Chemoselective synthesis of ketones and ketimines by addition of organometallic reagents to secondary amides

The development of efficient and selective transformations is crucial in synthetic chemistry as it opens new possibilities in the total synthesis of complex molecules. Applying such reactions to the synthesis of ketones is of great importance, as this motif serves as a synthetic handle for the elaboration of numerous organic functionalities. In this context, we report a general and chemoselective method based on an activation/addition sequence on secondary amides allowing the controlled isolation of structurally diverse ketones and ketimines. The generation of a highly electrophilic imidoyl triflate intermediate was found to be pivotal in the observed exceptional functional group tolerance, allowing the facile addition of readily available Grignard and diorganozinc reagents to amides, and avoiding commonly observed over-addition or reduction side reactions. The methodology has been applied to the formal synthesis of analogues of the antineoplastic agent Bexarotene and to the rapid and efficient synthesis of unsymmetrical diketones in a one-pot procedure.

Asymmetric Synthesis of Bryostatin 2

The potent bryostatin antitumor agents are currently in phase II clinical trials for the treatment of a variety of forms of cancer. Aldol reactions and directed reductions are among the essential steps for the formation of fragments A-C in the total synthesis of the title compound. Coupling of these fragments by sulfone-based olefination and alkylation reactions was followed by macrocyclization and introduction of the enoate moieties on rings B and C.

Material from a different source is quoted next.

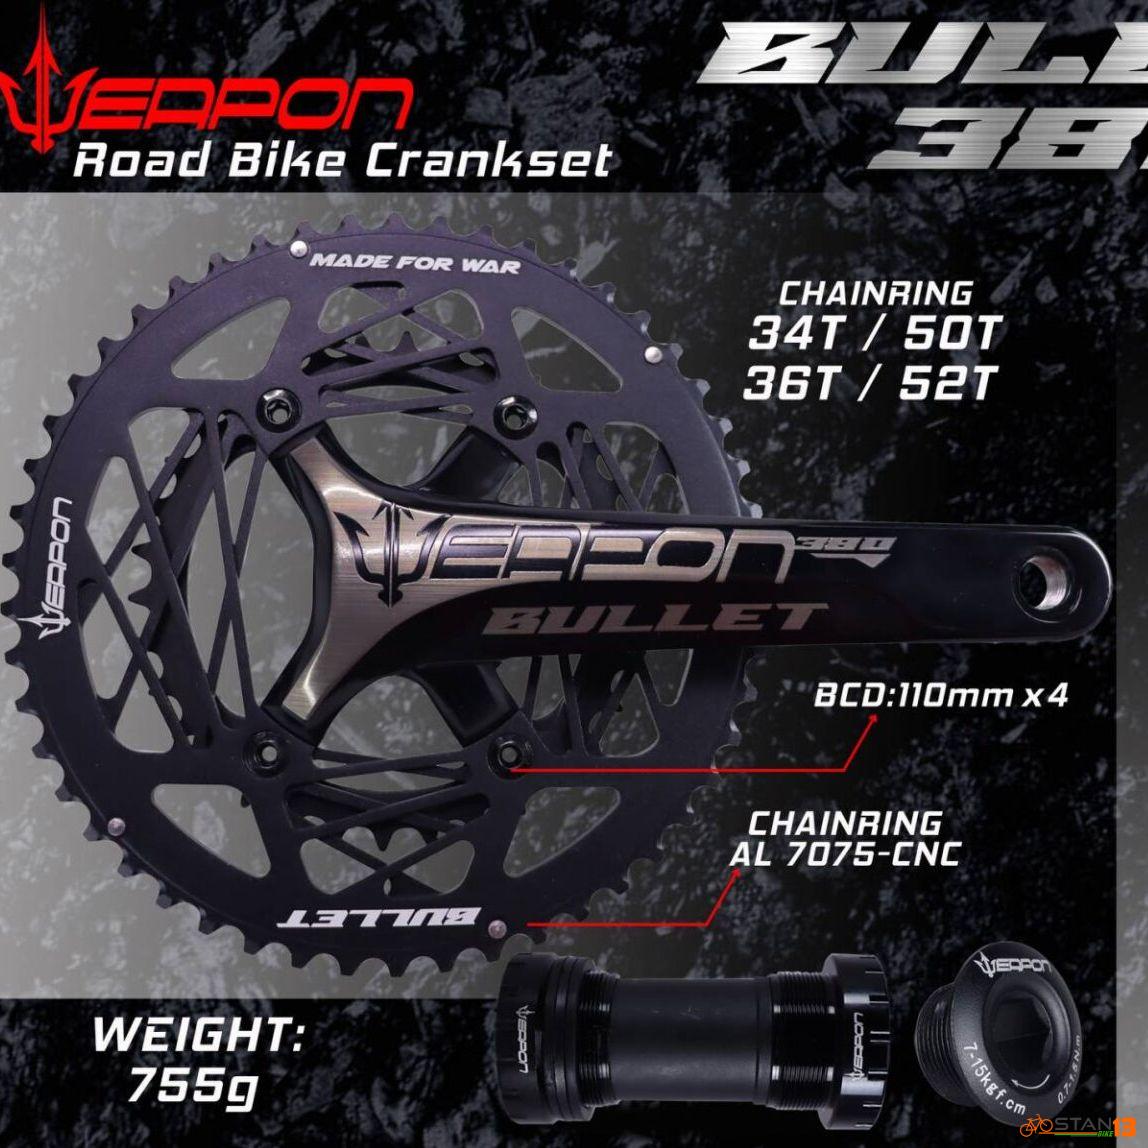 Crank Weapon Bullet 380 Alloy Road Bike Crank Set with BB

Asymmetric Rh(II)-Catalyzed Cyclopropanation of Alkenes with Diacceptor Diazo Compounds: p-Methoxyphenyl Ketone as a General Stereoselectivity Controlling Group

Different diacceptor diazo compounds bearing an α-PMP-ketone group were found to be effective carbene precursors for the highly stereoselective Rh(2)(S-TCPTTL)(4)-catalyzed cyclopropanation of alkenes (EWG = NO(2), CN, CO(2)Me). The resulting products were readily transformed into a variety of biologically relevant enantiopure molecules, such as cyclopropane α- and β-amino acid derivatives. Different mechanistic studies carried out led to a rationale for the high diastereo- and enantioselectivity obtained, where the PMP-ketone moiety was found to play a critical role in the stereoinduction process. Additionally, the use of catalytic amounts of achiral Lewis bases to influence the enantioinduction of the reactions developed is documented.

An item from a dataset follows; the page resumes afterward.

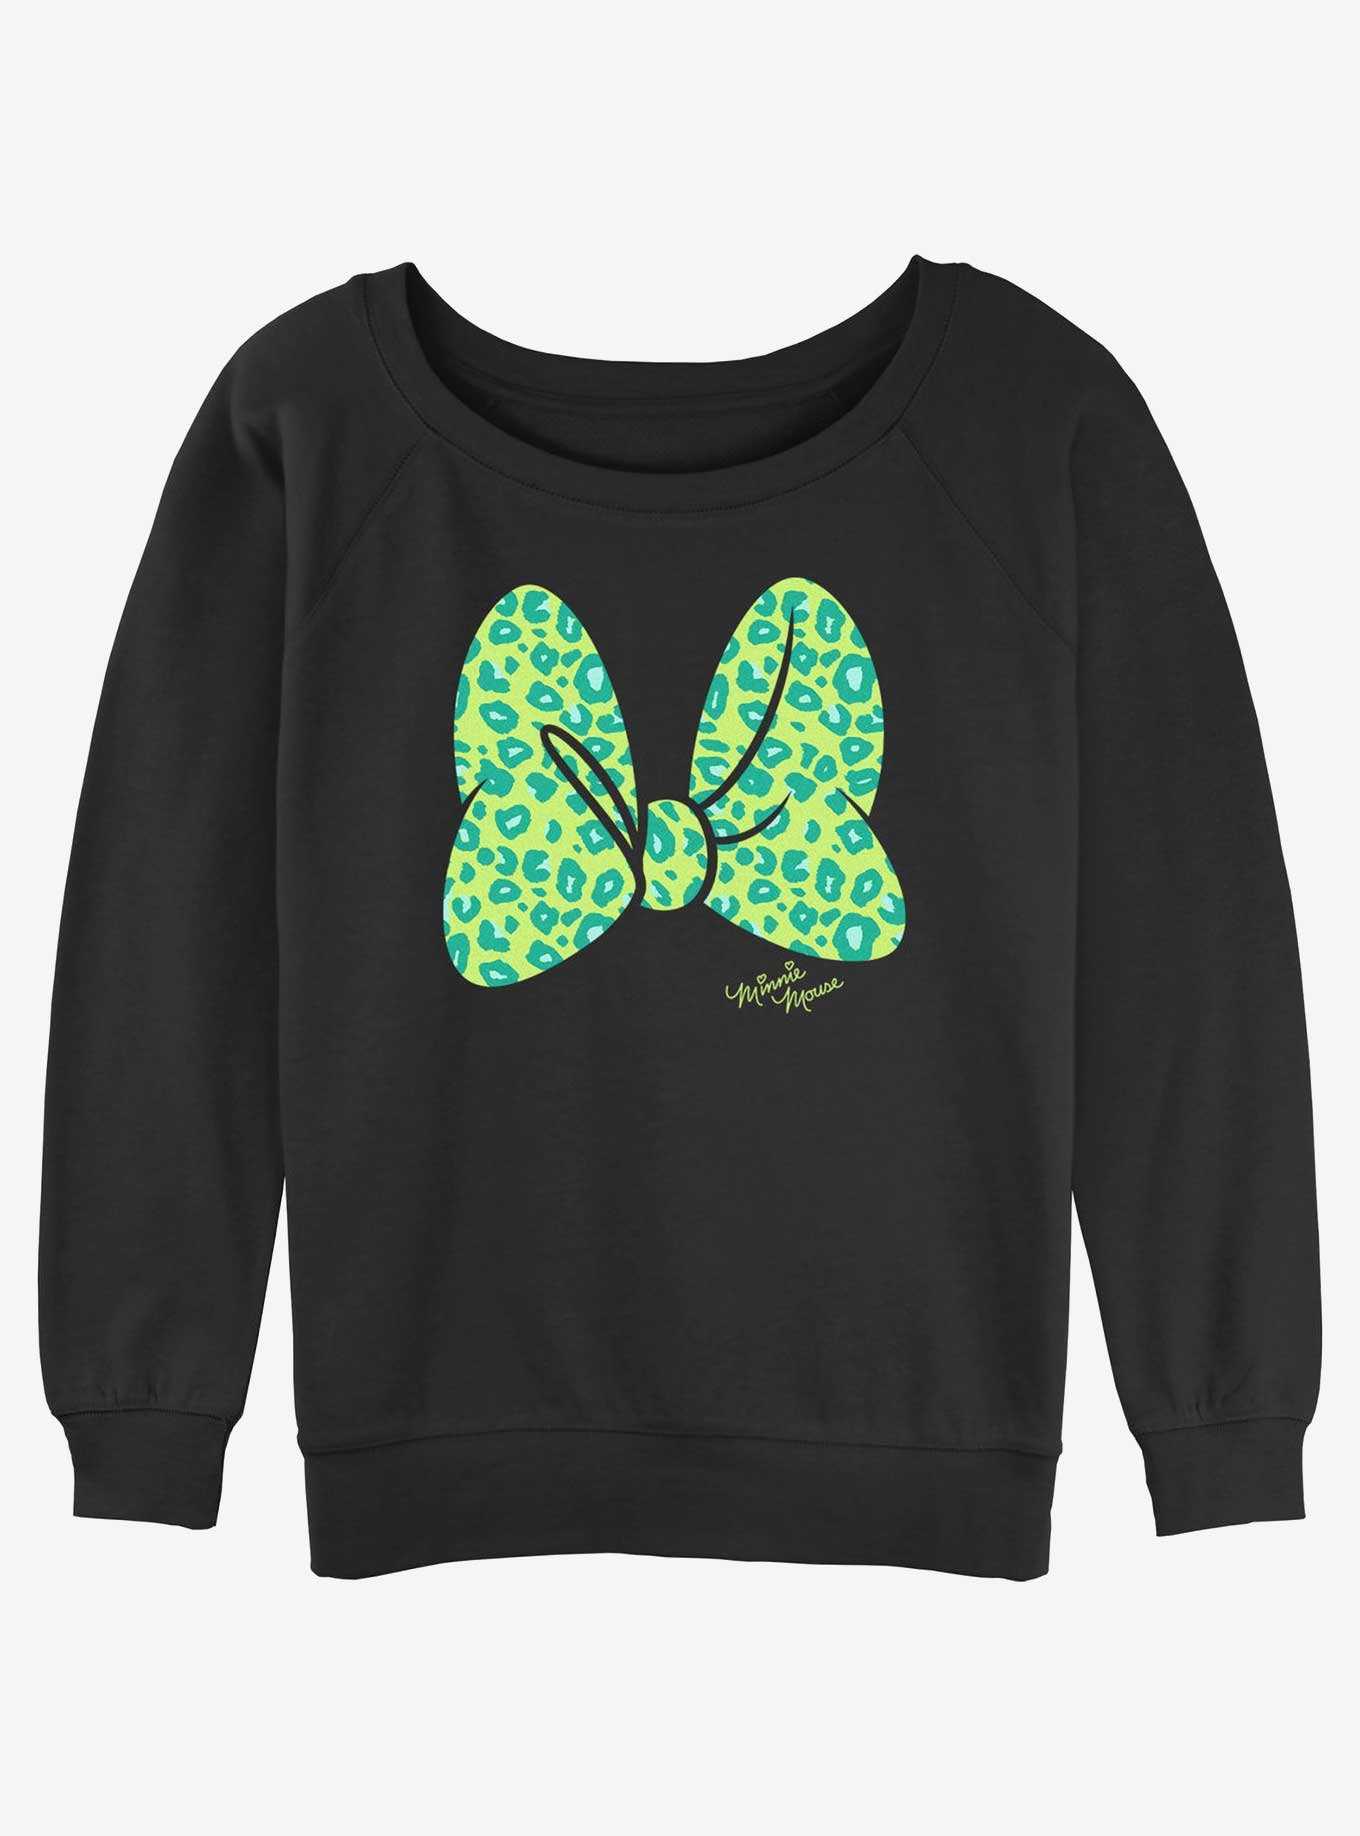 Disney Minnie Mouse green Animal Print Bow Girls Slouchy Sweatshirt, , hi-res

A Mild Procedure for the Lewis Acid-Catalyzed Ring-Opening of Activated Cyclopropanes with Amine Nucleophiles

The Lewis acid-catalyzed ring-opening of methyl 1-nitrocyclopropanecarboxylates with amine nucleophiles is described. The reaction proceeds at room temperature and with complete preservation of the enantiomeric purity from the electrophilic center of the cyclopropane to the acyclic product. The methodology was applied in an enantioselective synthesis of the dual serotonin/norepinephrine reuptake inhibitor (3R)-3-(1 H-indol-1-yl)- N-methyl-3-phenylpropan-1-amine.